On the farm: the 2016 crop year in review

Every year is different on Kevin Elmy's farm. This year: cover crops, soybeans and rain

The good thing about farming is two years are rarely alike. 2016 started out a bit on the dry side, with close to ideal subsoil moisture. The occasional May shower did not delay seeding much.

About 20 per cent of our acres were seeded in the fall of 2015 to Luoma winter triticale, which helped reduce the spring stress level. Fifteen per cent of our land is seeded to alfalfa that we cut for hay, and we have a small field of sainfoin that we are learning how to grow for seed production.

We started seeding on May 18, which is fairly normal for us. The first plot we seeded was sweet corn.

In 2015, we started up a new brand, Cover Crops Canada. This umbrella group has retailers from LaCrete, Alta., to Winkler, Man. Becoming an authorized importer seemed the logical way to speed up seed imports.

We seeded two SeCan soybean varieties this year: Mahony R2 and Barron R2X. Mahony R2 is a medium maturing (003 Relative Maturity) and the Barron R2X is a new Xtend soybean with a rating of 0008 Relative Maturity. A flat tire on our tractor on Saturday night, rain Monday, delayed seeding, but we got the rest of the soybeans in by June 1.

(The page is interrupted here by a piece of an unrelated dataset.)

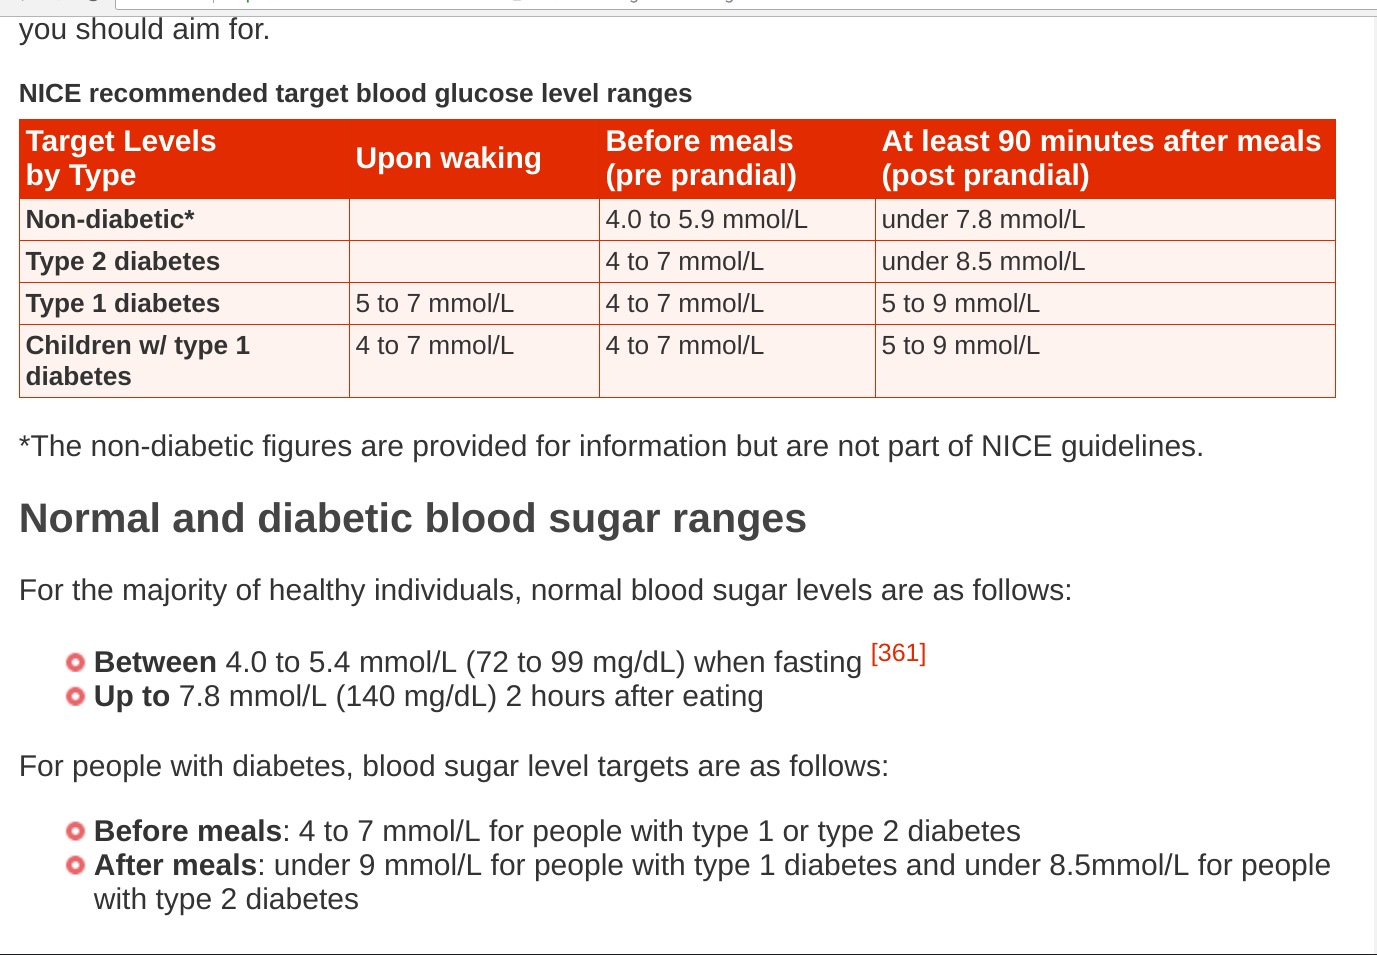 nice guidelines diabetes (type 1 children) diabetes with loss of protective sensation icd 10

Next on the list was to seed our corn plot. On June 10, we got the grazing corn field seeded, along with our corn grazing variety trial. Then the monsoon season started.

Cover crop seeding

Cover crop seeding was next on the list. The biggest weed issue on our farm is RoundUp Ready canola. We found light tillage works well to control it. But between rains, the canola just kept germinating, causing us to delay seeding. We finally got seeding on June 28. The first field seeded was a demonstration plot of cover crop species.

Then the field scale seeding began. My main blend was red proso millet, Japanese millet, pearl millet, sorghum Sudan, sugar beet, forage collards, crimson clover, safflower, and phacelia that we were planning on using as a greenfeed crop.

More showers delayed seeding, until we finally wrapped up on July 9, with 350 acres seeded in 12 days.

Winter triticale was ready to harvest first. I’ve learned that chicory will overwinter, the triticale crop needs to be swathed instead of straight cut. Swathing, for the last few years, creates rain.

Once started, harvest went relatively smoothly. Test results showed 28 per cent fusarium infection and eight ppm vomitoxin. There goes seed potential. We’ve decided to take the year off of winter cereals and will wait for the environment to dry out before getting back into any cereal grain production.

Soybeans

Soybeans looked good all summer everywhere I went. There were few issues, minus flooding and hail. From our past experience, spraying fungicide has not been cost effective.

Our soybean harvest started at the normal time. Both varieties matured within a couple of days of each other, so I have rated the Barron R2X to be more like a 002 relative maturity instead of 0008. We have been growing 003 maturity soybeans from Day 1, and have had no issues on maturity. But we have been screening for varieties that are more determinant versus heat-requiring varieties. On cool years, the heat loving varieties require the heat units that they are rated for, where the more determinant types will mature when night temperatures start to drop, or daylight hours decrease. Overall, soybeans averaged 32 bushels per acre, based on seeded acreage. We did lose some acres to flooding, again.

It’s been seven years since we have purchased nitrogen for our farm. On 1,500 acres, we normally buy $5,000 to $7,000 worth of a phosphate potassium blend, which I can see dropping in the near future. Between cover crops and soybeans, our fertilizer requirement is dropping, and our soil tests are maintaining or building.

Next year, we will continue growing soybeans, continue with corn grazing and short term alfalfa in our rotation, and continue screening species for cover crop use.